Hello, friends! Let us define the external measure of the set $A\subset \mathbb{R}^n$ as $$\mu^{\ast}(A):=\inf_{A\subset \bigcup_k P_k}\sum_k m(P_k)$$where the infimum is extended to all the possible covers of $A$ by finite or countable families of $n$-paralleliped $P_k=\prod_{i=1}^n I_i$\$, where $I_i$ is of the form $[a_{i,k},b_{i,k}]$ or $(a_{i,k},b_{i,k})$ or $(a_{i,k},b_{i,k}]$ or $[a_{i,k},b_{i,k})$, with $a_{i,k}\le b_{i,k}$, whose measure is defined as $$m(P_k):=\prod_{i=1}^n(b_{i,k}-a_{i,k}).$$

I am intuitively inclined to believe that, if $T\in\text{End}(\mathbb{R}^3)$ is a unitary transformation, then $$\mu^{\ast}(A)=\mu^{\ast}(T(A))$$but I have no idea how we can prove it.
Is that so and, if it is, how can it be proved?
I $\infty$-ly thank any answerer!

2. Jun 8, 2016

### Staff: Mentor

Let us assume your operator $T$ is orthogonal instead of unitary, because you consider real vector spaces here. (The complex case is analogue.)
This means its determinant is ± 1. Thus it also doesn't change the volume of parallelepipeds, cubes resp., i.e. $m(P_k) = m(T(P_k)).$ In addition $T$ is an isometric isomorphism.
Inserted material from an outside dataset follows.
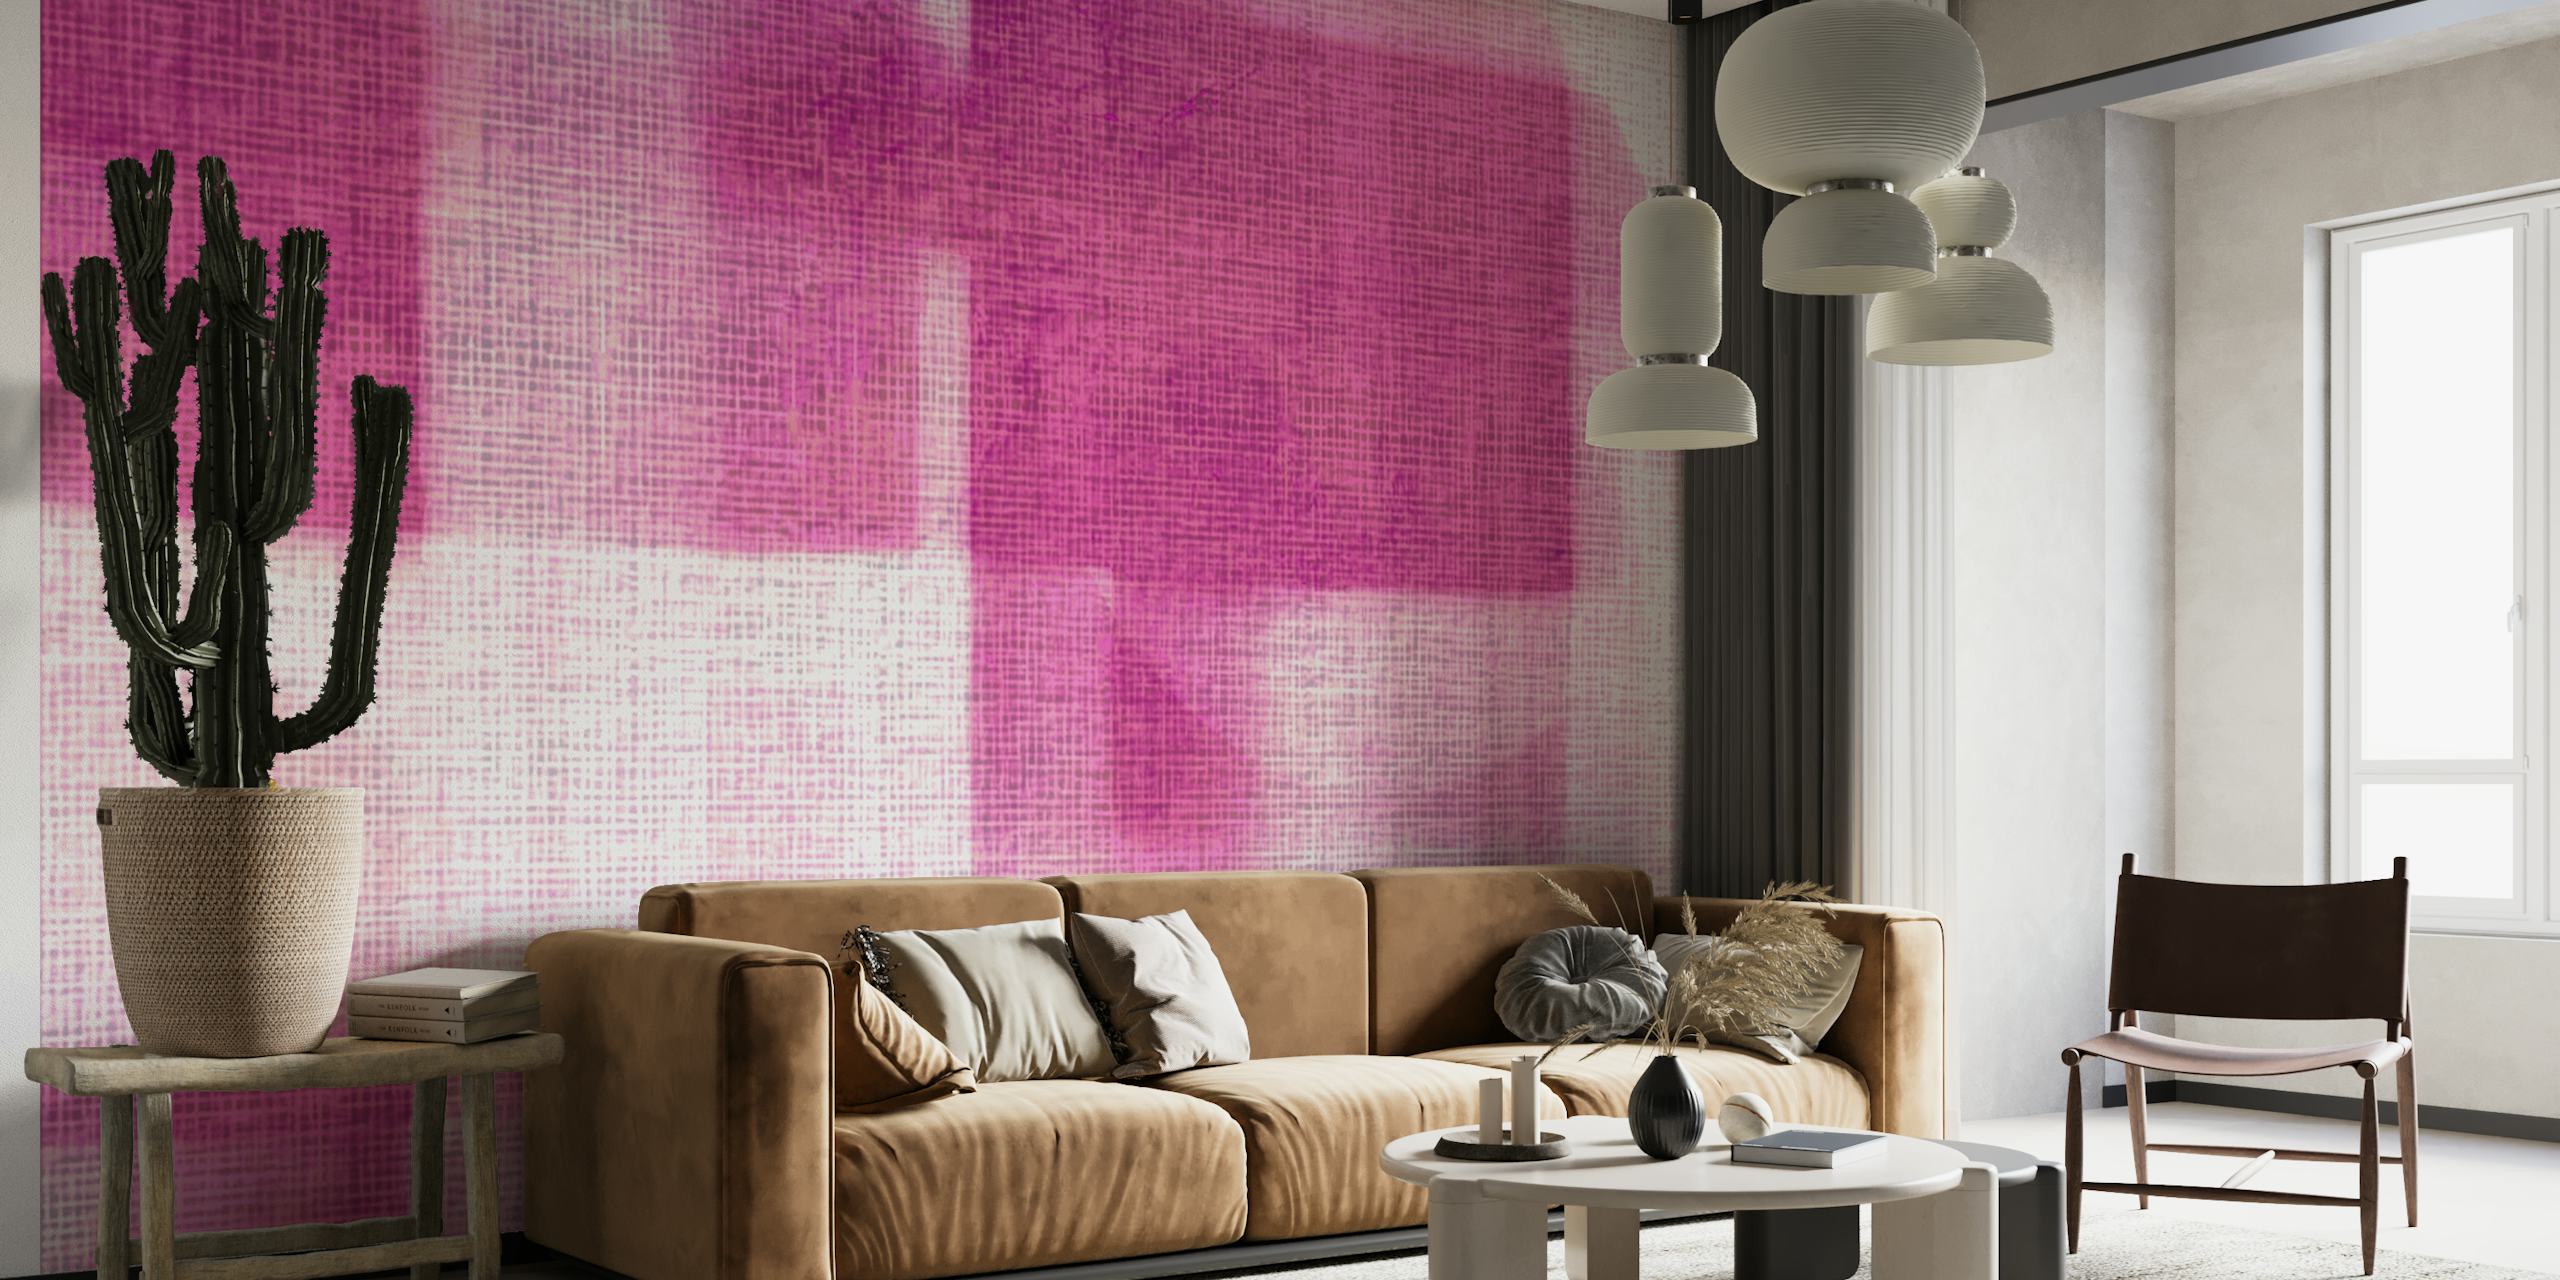 Mural de parede roxo abstrato inspirado na estética japonesa

Now therefore $m(P_k) = m(T^{-1}(P_k))$ and
$$\mu^{\ast}(T(A))=\inf_{T(A)\subset \bigcup_k P_k}\sum_k m(P_k) = \inf_{A\subset \bigcup_k T^{-1}(P_k)}\sum_k m(T^{-1}(P_k)) = \inf_{A\subset \bigcup_k Q_k}\sum_k m(Q_k) = \mu^{\ast}(A)$$
with $Q_k = T^{-1}(P_k).$

3. Jun 8, 2016

### micromass

Staff Emeritus
You can say this, but it's not as trivial as it looks.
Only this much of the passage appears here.